TASK
Locate the line that contains "timeline history of #art" in the data that follows. Copy it and every subsequent line to the end, exactly, excluding pictures.

EXERCISE DATA Start Marker

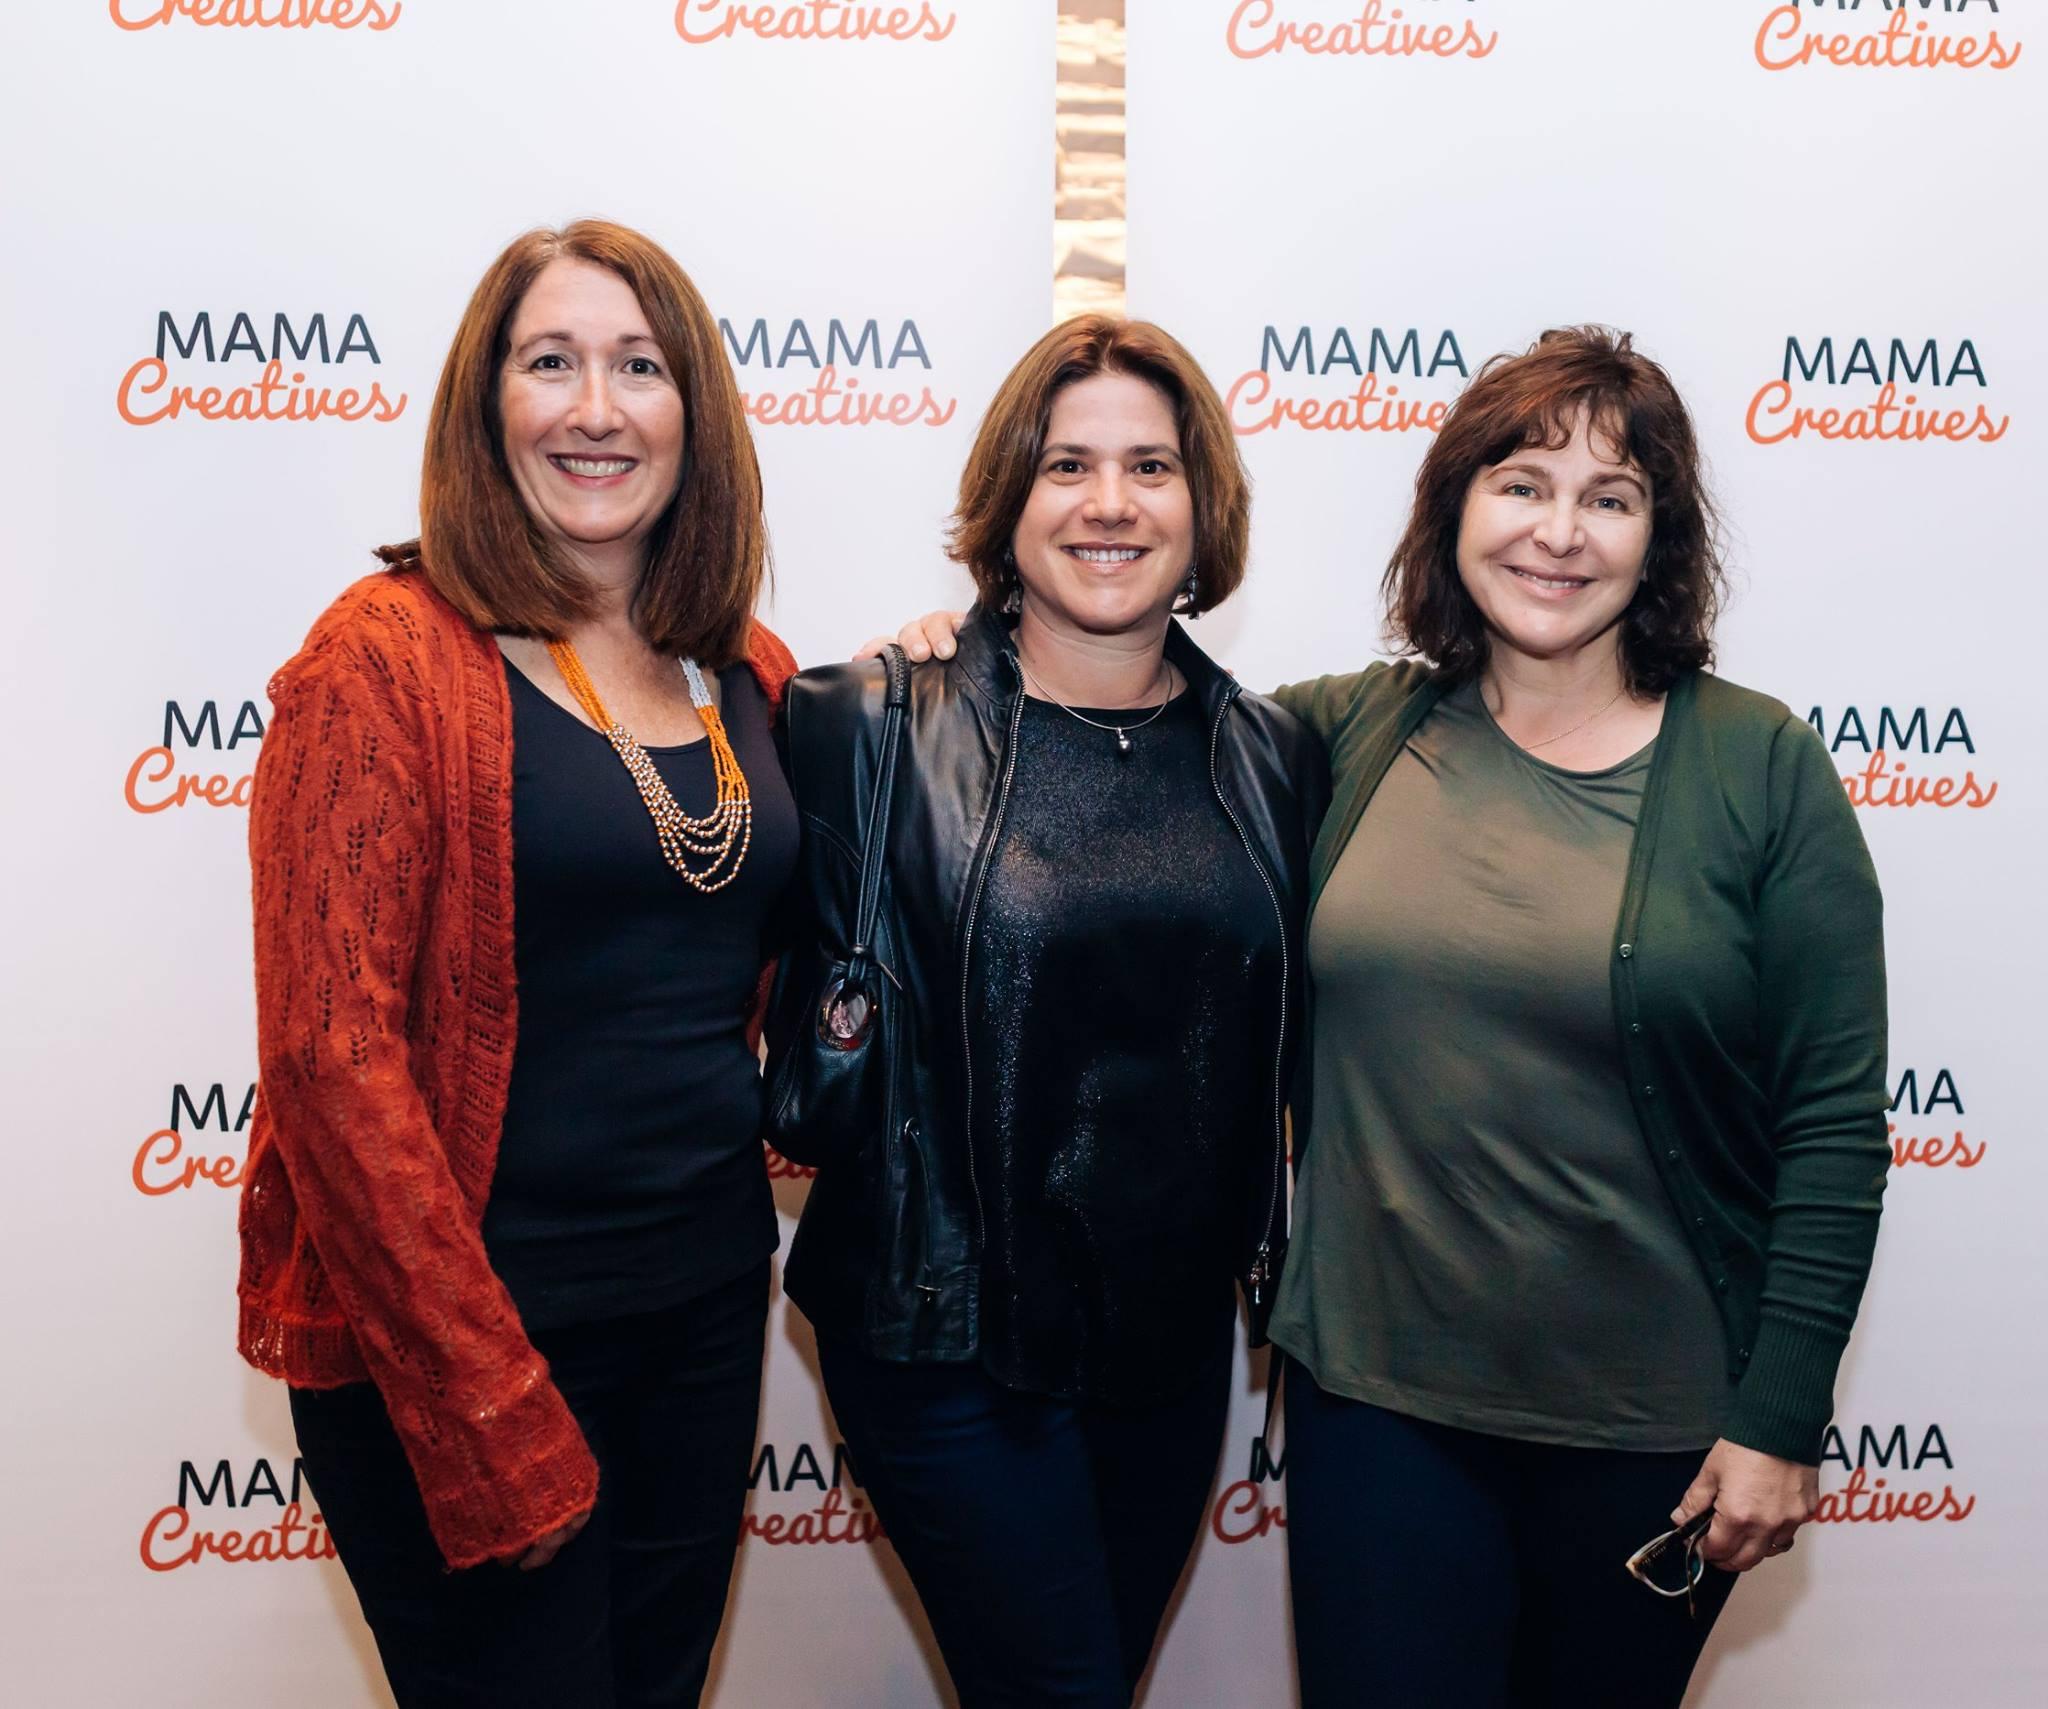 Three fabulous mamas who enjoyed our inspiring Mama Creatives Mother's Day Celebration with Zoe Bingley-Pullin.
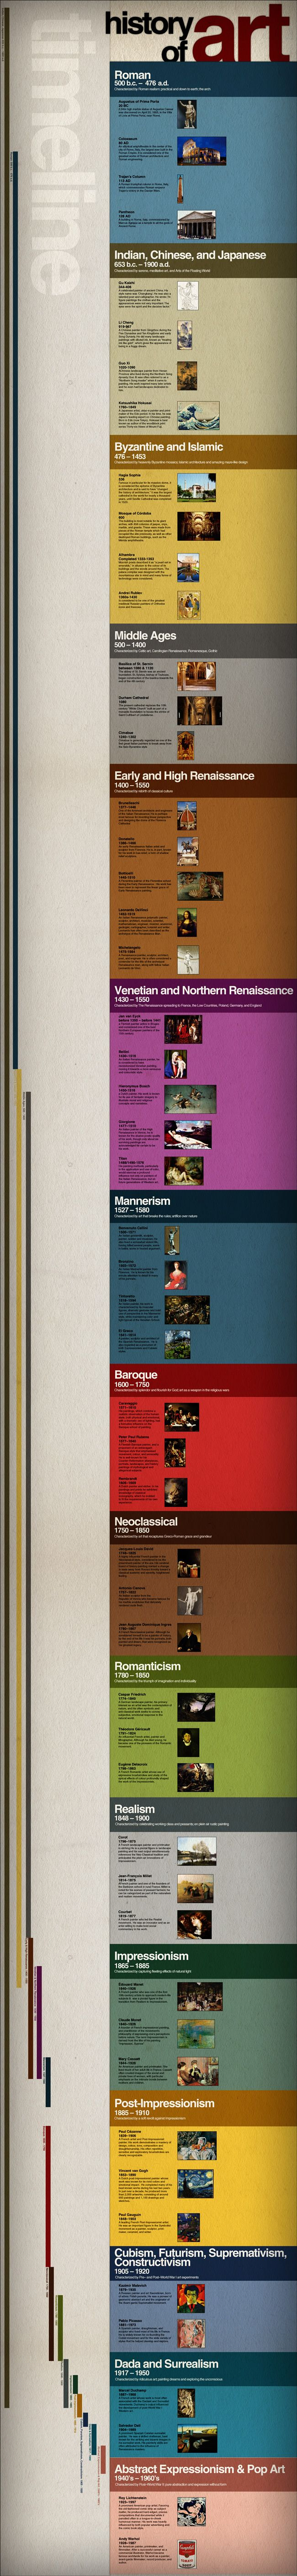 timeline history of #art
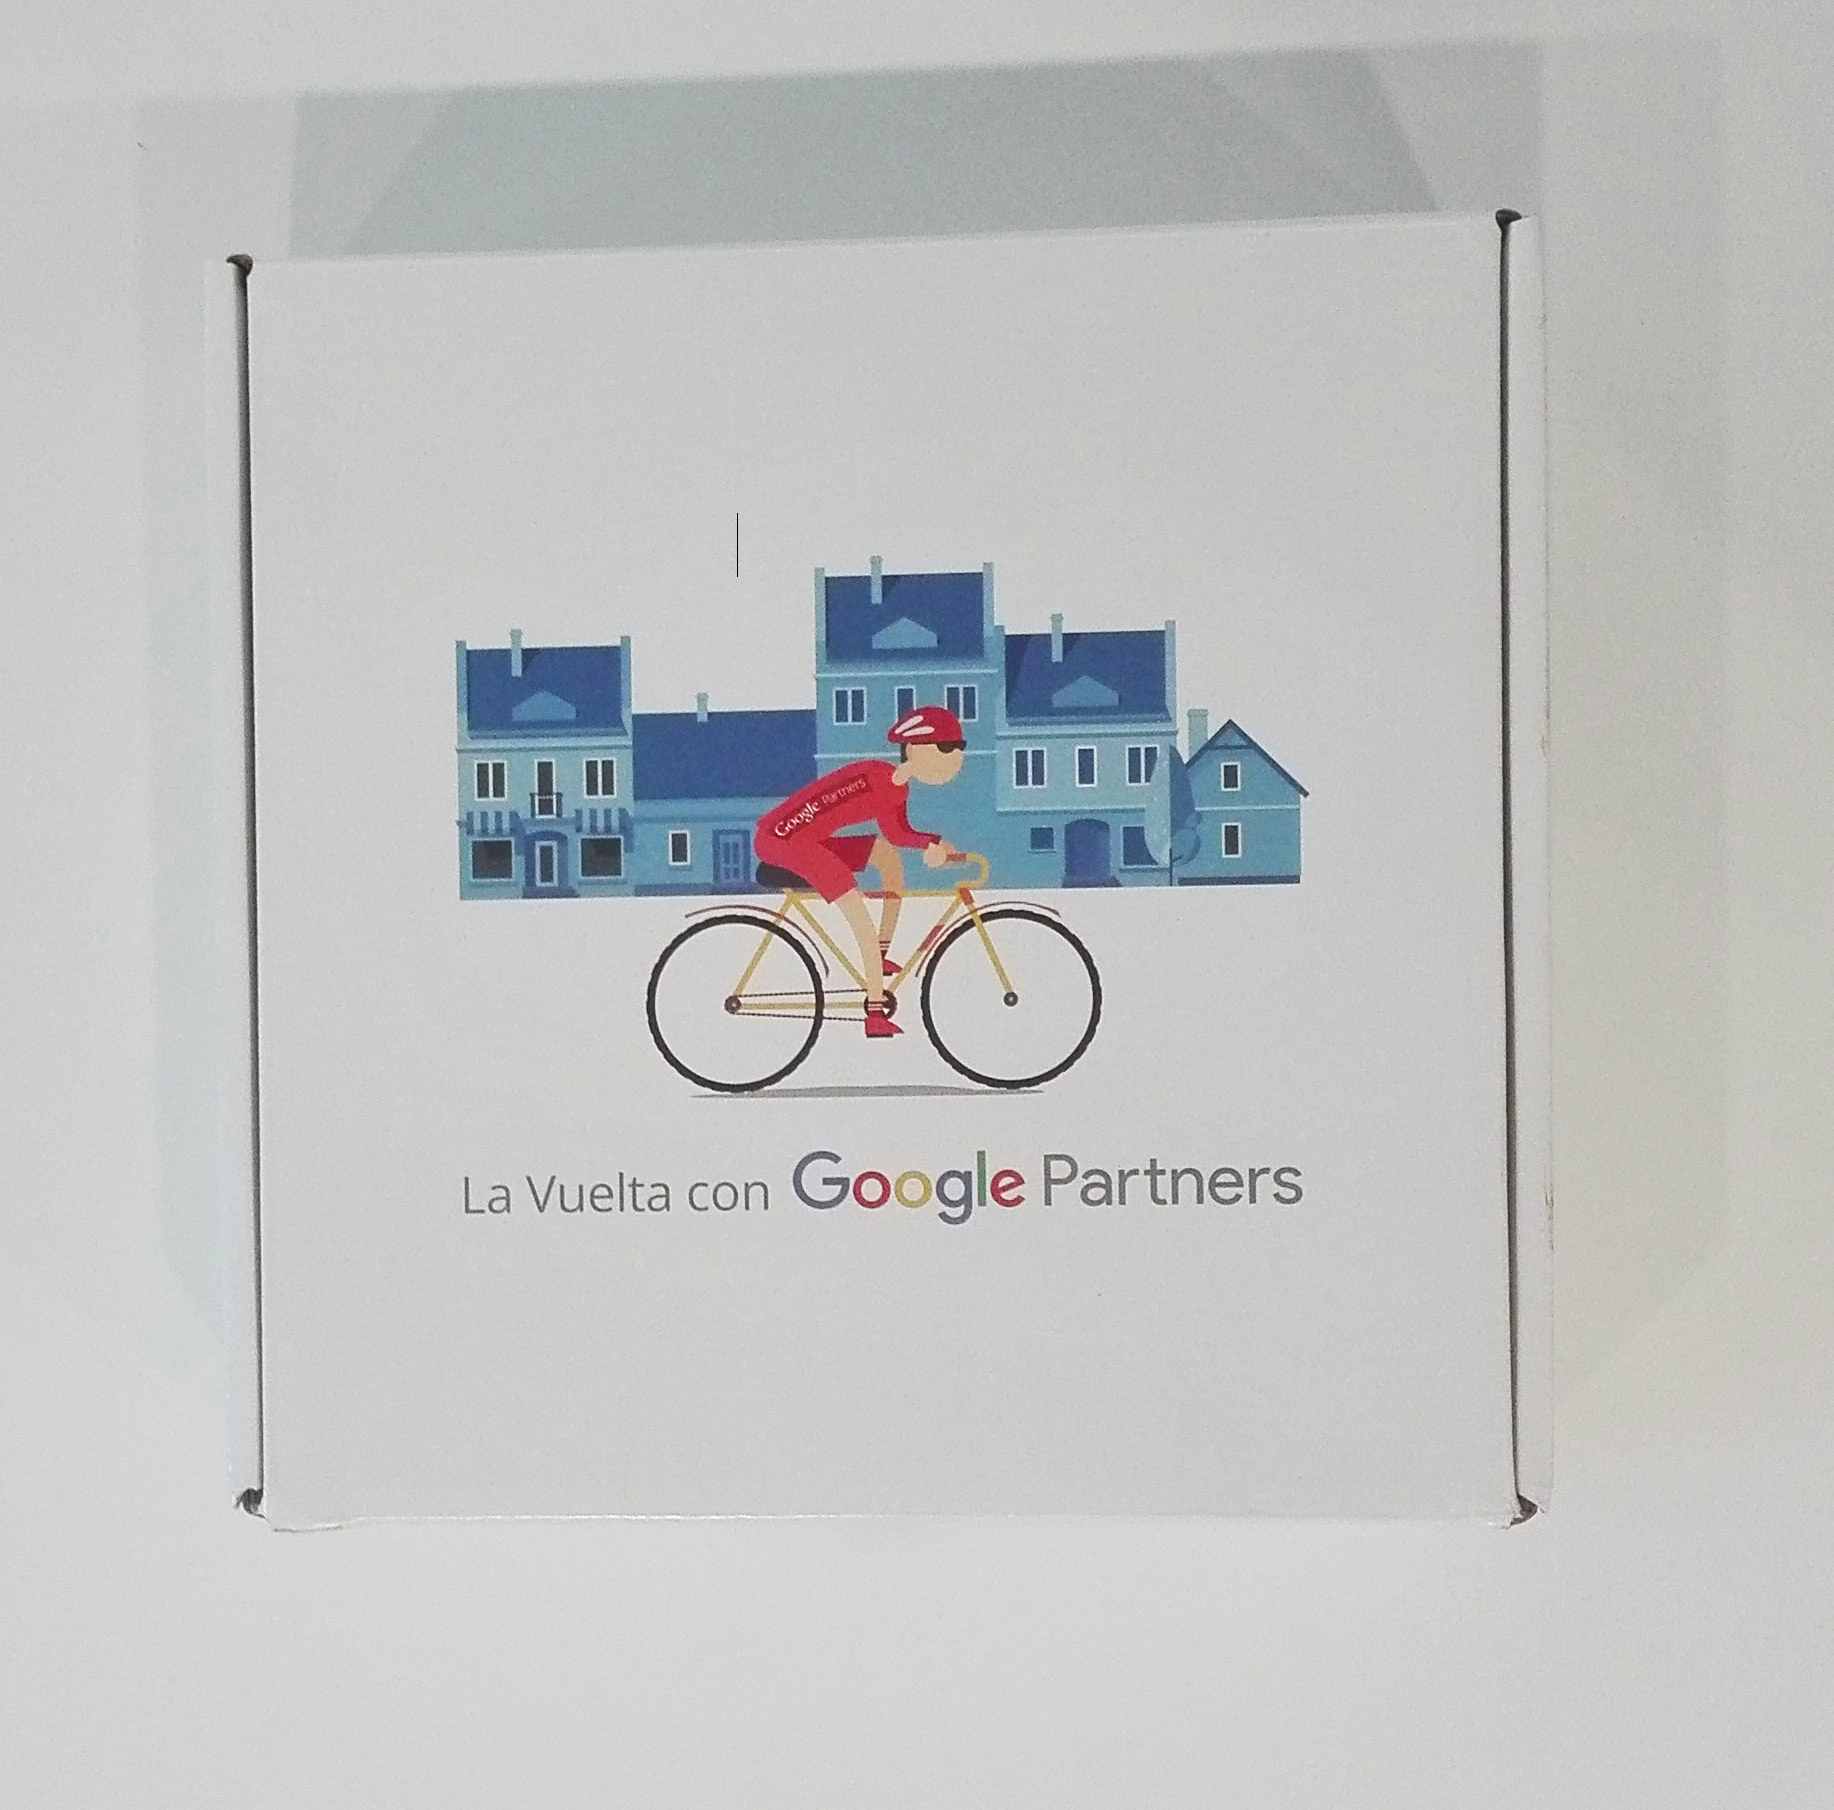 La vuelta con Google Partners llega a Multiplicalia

EXERCISE DATA End Marker

SOLUTION
 timeline history of #art
 La vuelta con Google Partners llega a Multiplicalia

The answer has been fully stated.